Code, code, code. I spend a lot of time trying to see if I am able to code all the data structures and tasks I found online that relate. E.g. breadth-first-search and depth-first-search to find flight connections between destinations.

Aaannd, don’t forget the Big(O) notation, this seems to be a must-have.

After I passed the first technical interview, I have been invited for 5 interviews that have been split into two days. This contain 4 technical interviews same as the previous one (always with a different interviewer) and one “Googleyness” interview where you are asked behavioral questions as they evaluate if you would be a great fit for Google’s culture. I would recommend preparing for it well, and relating your answers to Google’s “Build for everyone” motto.

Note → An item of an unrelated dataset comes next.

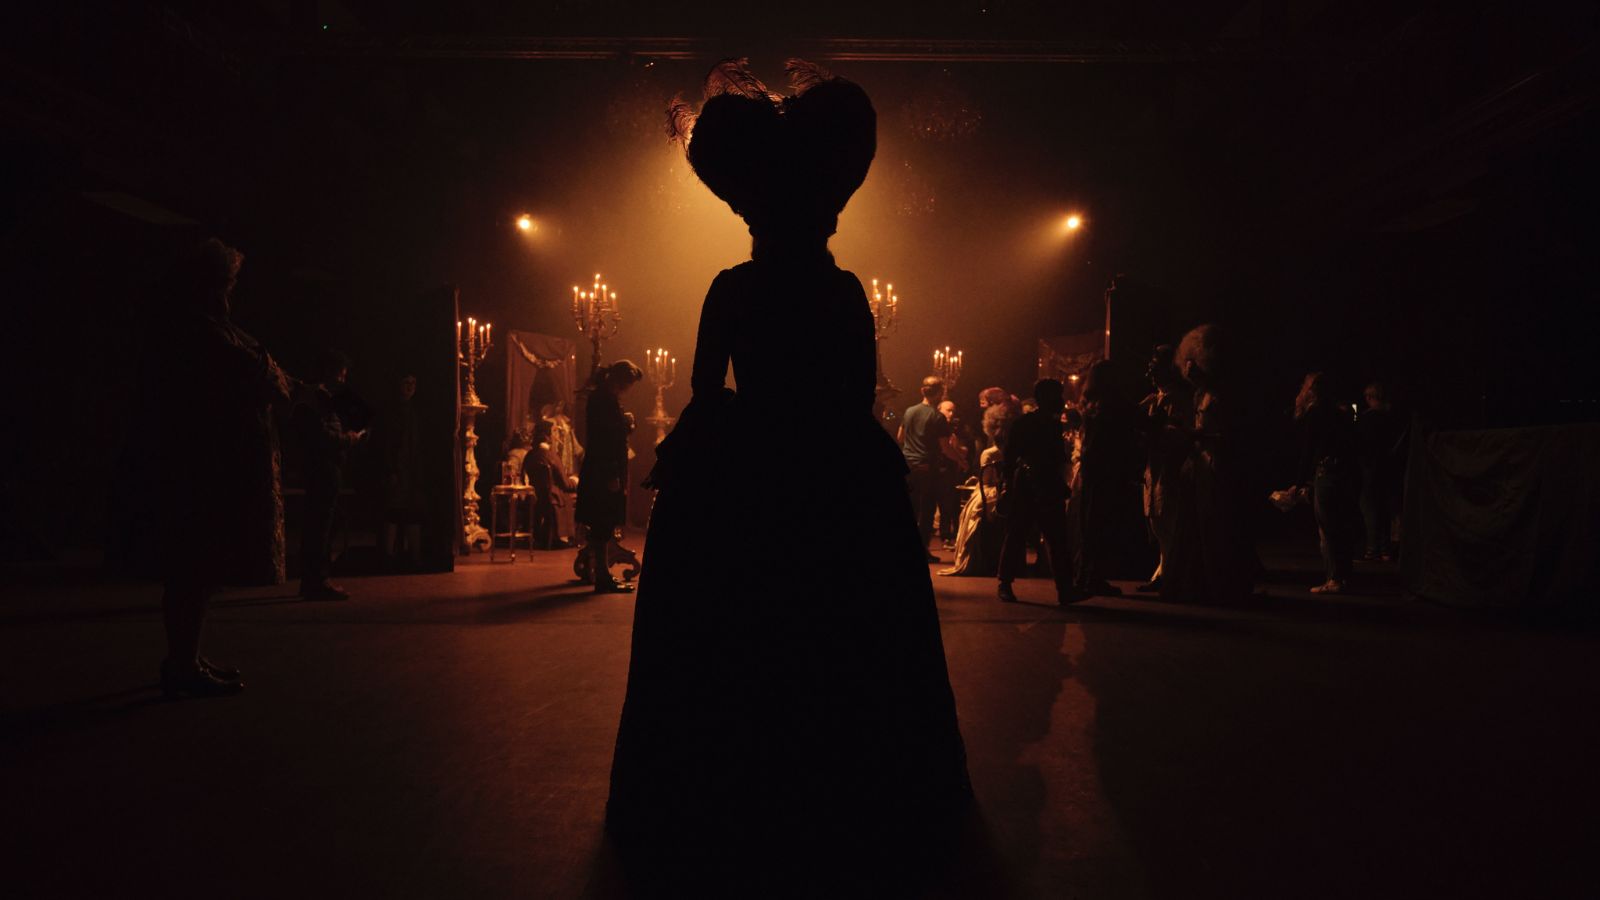 Still from Timestalker, which shows the silhouette of a woman wearing a regency gown and large wig.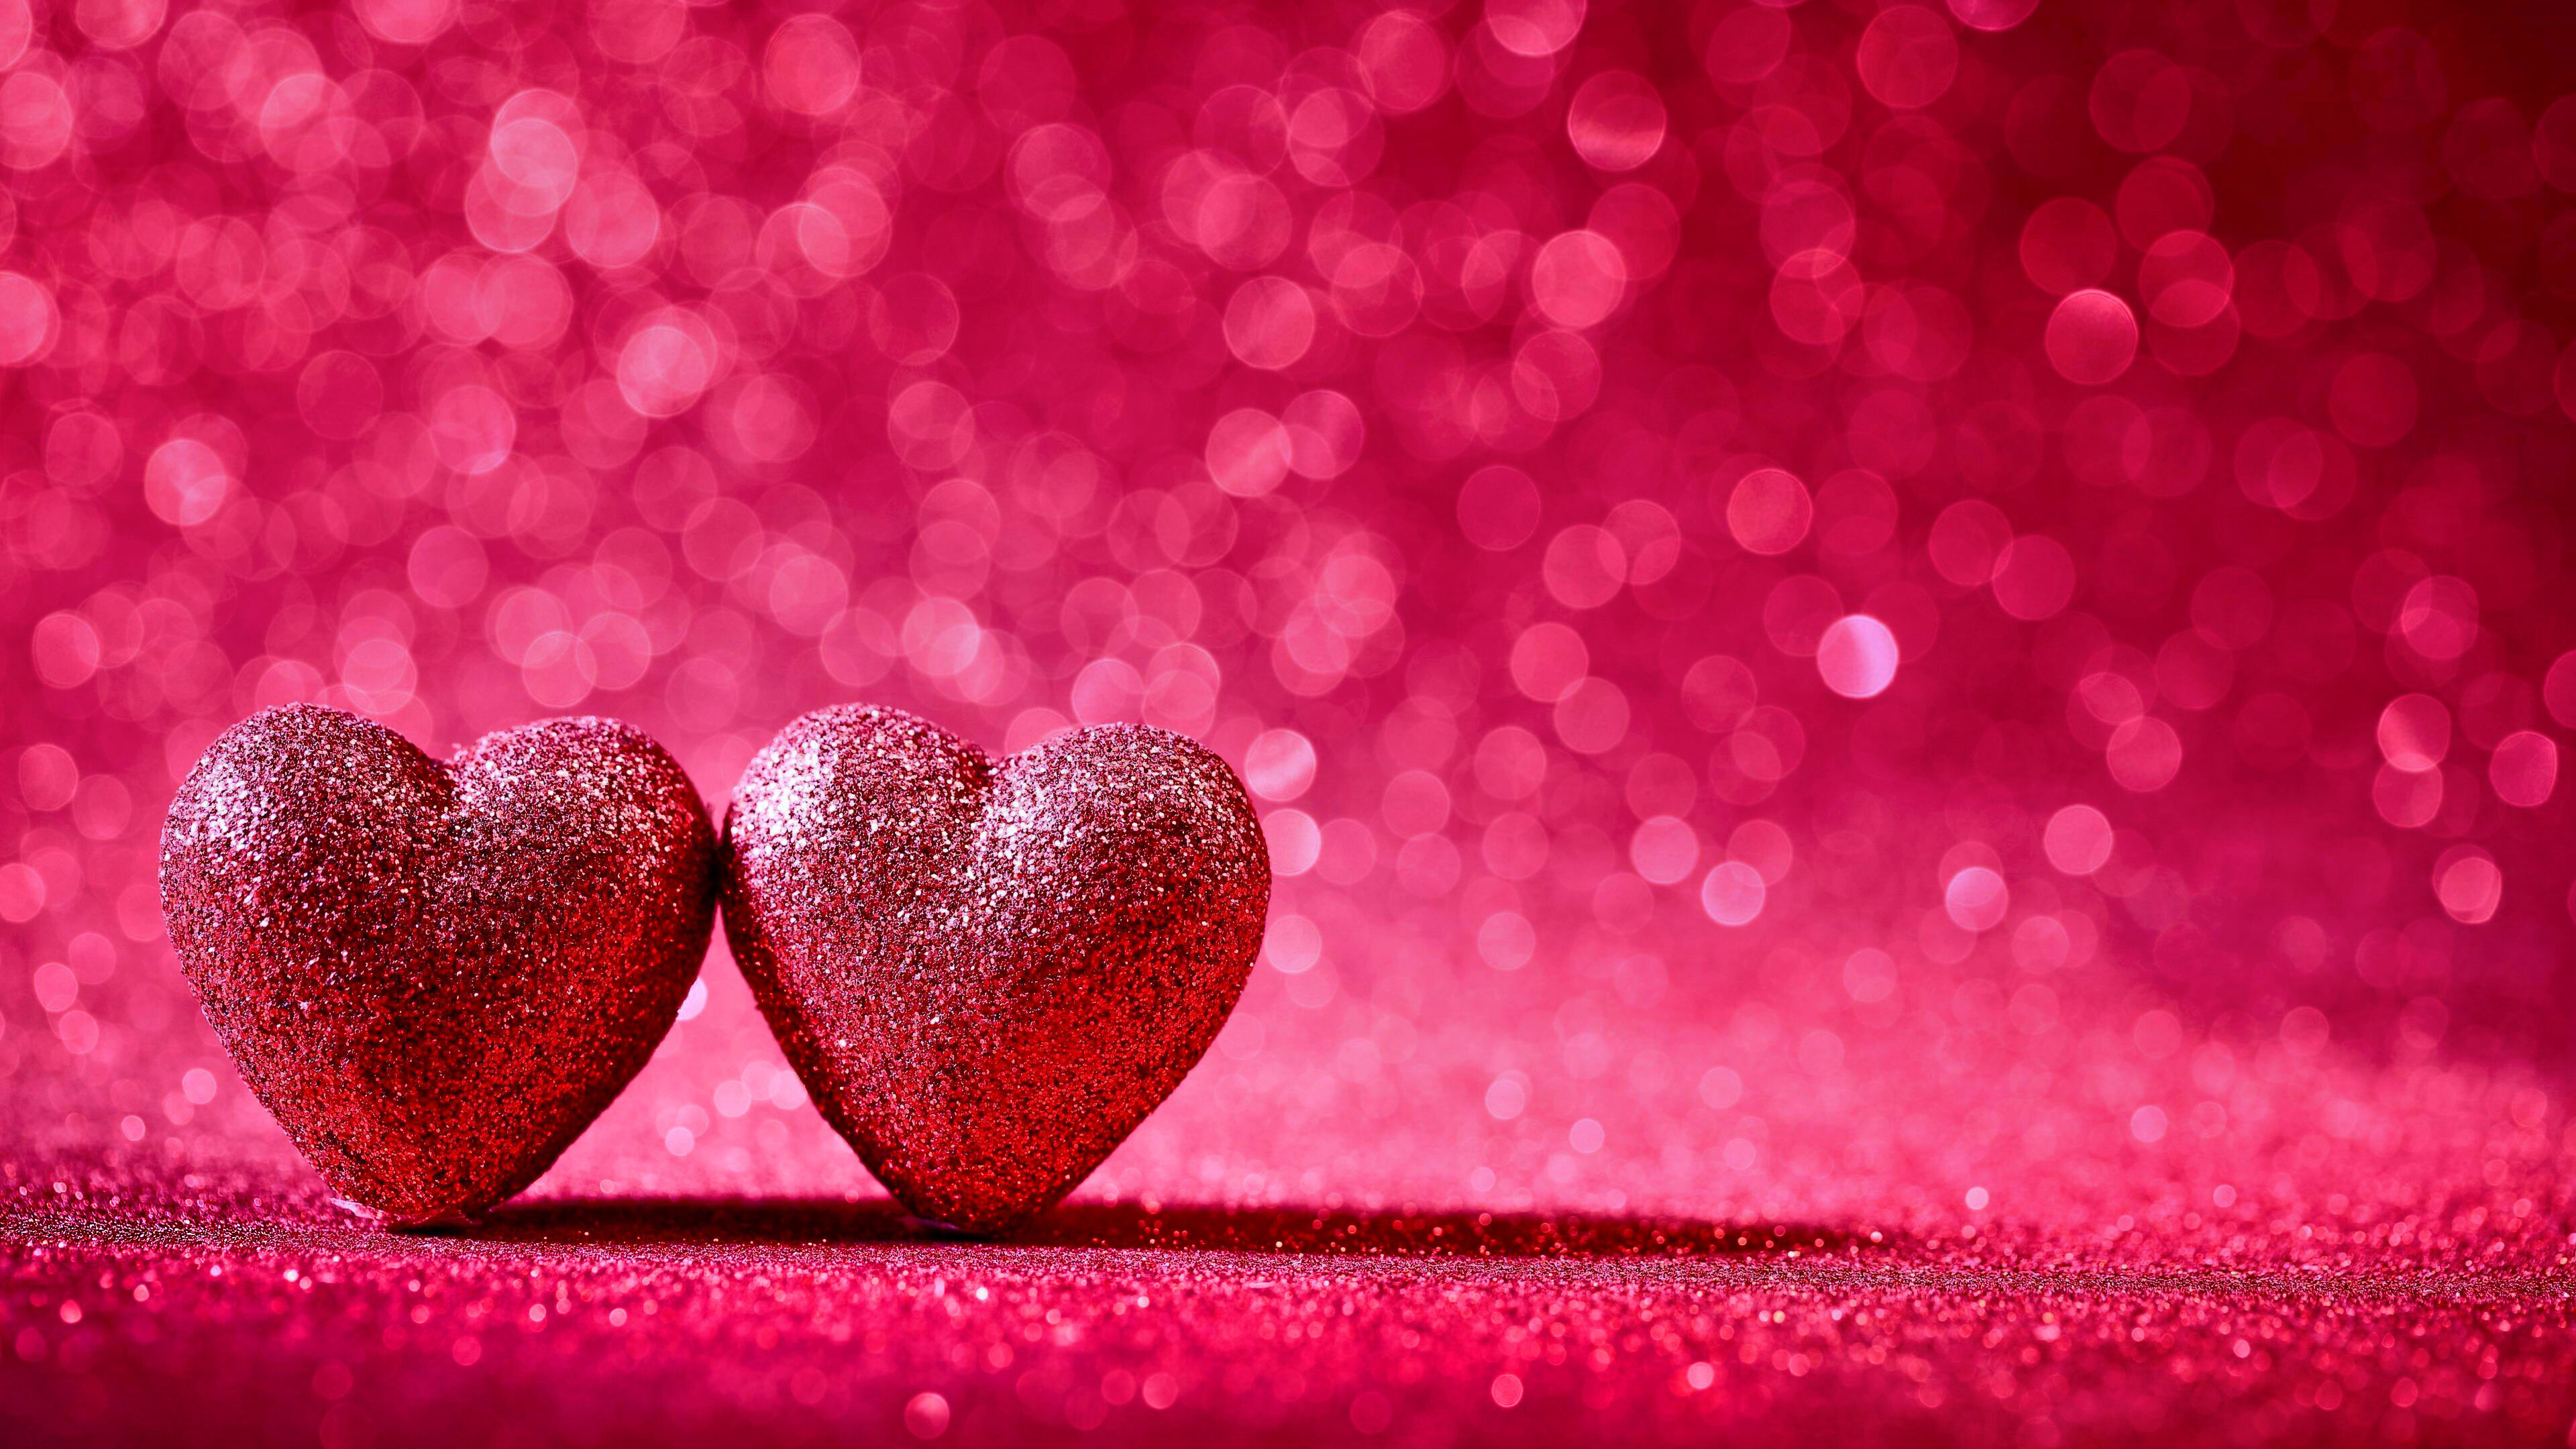 Valentine's Day: Hearts, February 14, Gift-giving. 3840x2160 4K Wallpaper.

I found many useful tips on LinkedIn and wrote down my own answers to various questions like “How did you solve a conflict between two colleagues..”, “When did you fail and what have you learned…” and questions that are simple, but require a small review of your past experience.

Now you will be sitting ducks and waiting…Interviewers fill out questionnaires, and then the committee will decide if hire or not hire. After two or three weeks an interviewer scheduled a call with me and asked me how I think I did, giving me feedback for each interview like “you spent not enough time designing a solution” or “you have been slow in one interview”. Even though recruiters don’t know the exact task or order of the interviews, you can quite easily assume which one it was.

The first time, I bombed two interviews and was not able to solve the questions. Therefore, it was pretty much understandable that I failed. To sum it up, the people were mostly super nice and you always get five minutes to ask questions, which might also give you more idea about the culture there.

The whole process actually took from November to the end of February, so don’t pack your things yet, if you have been invited for an interview.

After two months another interviewer contacted me that I had a lot of potential the first time and I should try it again.

So I took the papers off the shelve and also re-implemented tasks from the first interviews. This made it extremely easier because I already knew the process and what is actually important. Also, I learned many tricks I did not use often before.

This time I was able to go to the last round and had only 4 interviews I could bomb. I honestly think I did soooo much better and was confident about the results as I really enjoyed the interviews this time.

But weeks after I got disappointed again.

Anyway, it went by better and I was even able to propose an unconventional data structure and code one task using three lines of code. This was a super interesting interview where we talked a lot and I was thinking that this must be the “Googleyness” I heard about. Overall, the interviewer was happy, but now I did not get feedback that I spent too much time designing, but rather a lot of time.

Therefore, it might take multiple tries to get in, but I am honestly glad that I got to experience this and was motivated to step out of my comfort zone and learn something new.

They are definitely looking for great minds and you have to earn your place there. Even though I am now not sure it would be the right company for me, I would repeat the interviews just to solve some interesting tasks and get the “AHA” moment when one realize it was super simple.

Don’t forget to build your CV, so they find you

  • IMO applying is not the most common way how Google discovers talents, therefore you need to make sure that you stand out a bit. Recruiters will find you if they want to.
  • Write a blog, or simply share your knowledge with others in any way that suits or challenges you. Writing an article, or preparing a presentation helps to get even more knowledge and improve your soft skills more than you think.
  • Get out of your comfort zone, and maybe do some public speaking at conferences, universities, and meetups or engage in some hackathons. This is done best if you find an employer that organizes regular training and has speakers involved with the community.
  • Don’t be afraid of change, move to a foreign country (preferably closer to one of the tech giant’s offices), switch fields just to learn something new, and find the courage and time to follow your passion.

Last but not least, trust your own gut. I failed after all.